3. Purpose of Data Processing

The collected data is used to:

• Provide accounting and bookkeeping services
• Prepare and file tax returns and compliance documents
• Conduct financial analysis and reporting
• Provide business advisory and consulting services
• Process payroll and employment documentation
• Perform financial audits and reviews
• Ensure regulatory compliance and reporting
• Communicate with tax authorities on client's behalf
• Process service payments and issue invoices
• Provide customer service and support
• Comply with legal, fiscal, and professional obligations
• Maintain professional liability insurance requirements

4. Legal Basis for Processing

Data processing is performed based on:

• Consent: When you expressly authorize the use of your data
• Contract execution: To fulfill accounting service contracts
• Legal obligation: To comply with tax laws, accounting standards, and regulatory requirements
• Legitimate interest: For professional service delivery and client relationship management
• Protection of credit: For credit analysis when applicable

5. Data Sharing

Datametodo does not sell or commercialize personal or financial data.
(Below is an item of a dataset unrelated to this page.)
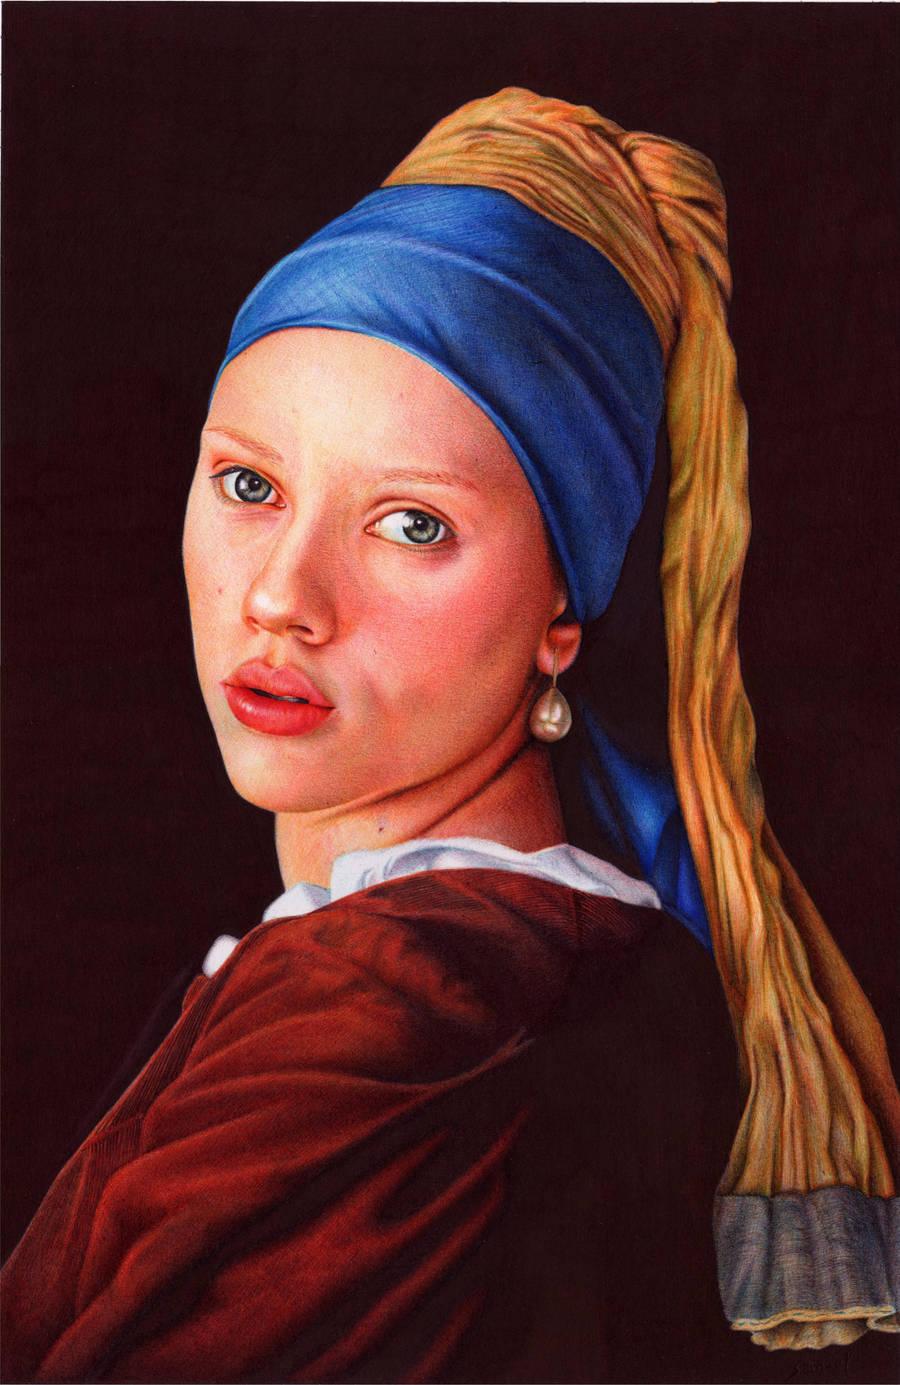 Girl With a Pearl Earring - Ballpoint Pen by VianaArts

We may share data only with:

• Tax authorities: Federal Revenue Service, State and Municipal tax agencies for compliance reporting
• Regulatory bodies: Accounting Regulatory Council (CRC), professional oversight entities
• Financial institutions: Banks and payment processors for transaction processing
• Government agencies: When required for business registration, licenses, and permits
• External auditors: For audit and compliance review purposes (with client consent)
• Legal counsel: For legal advice and representation
• Service providers: Cloud accounting software, secure data storage, IT infrastructure
• Insurance providers: For professional liability insurance purposes
• Legal authorities: When required by law, court order, or legal process

6. Data Security

We implement rigorous technical and organizational measures to protect your sensitive financial data:

• End-to-end encryption of all financial and tax data
• Secure cloud storage with redundant backups
• Multi-factor authentication for all systems
• Access controls limited to authorized personnel only
• Encrypted communication channels for data transmission
• Regular security audits and penetration testing
• Employee training on data protection and professional secrecy
• Confidentiality agreements with all staff and partners
• Physical security for on-premises servers and documents
• Incident response and data breach protocols
• Professional indemnity insurance coverage

7. Your Rights as Data Subject

Under LGPD, you have the following rights:

• Confirmation and access: Confirm the existence of processing and access your data
• Correction: Request correction of incomplete, inaccurate, or outdated data
• Anonymization, blocking, or deletion: Request removal of unnecessary data (subject to legal retention requirements)
• Portability: Request data portability in structured format
• Deletion: Request deletion of data processed with consent (subject to legal and professional obligations)
• Information: Obtain information about data sharing and processing
• Revocation: Revoke consent (subject to contractual and legal obligations)
• Opposition: Object to processing in specific circumstances

8. Cookies and Similar Technologies

We use cookies to improve your browsing experience and website functionality. You can configure your browser to refuse cookies.

9. Data Retention

We retain your data for the time necessary to:

• Fulfill the purposes described in this policy
• Duration of the service relationship
• Financial records: minimum 5 years as required by tax law
• Tax documents: 5 years from tax filing date
• Accounting records: as required by Brazilian Commercial Code and accounting standards
• Legal prescription periods (generally 5-10 years for accounting documentation)
• Professional regulatory requirements (CRC standards)
• Professional liability insurance requirements
• Exercise of legal rights and defense against claims

After these periods, data will be securely deleted or anonymized, except where longer retention is required by law or professional standards.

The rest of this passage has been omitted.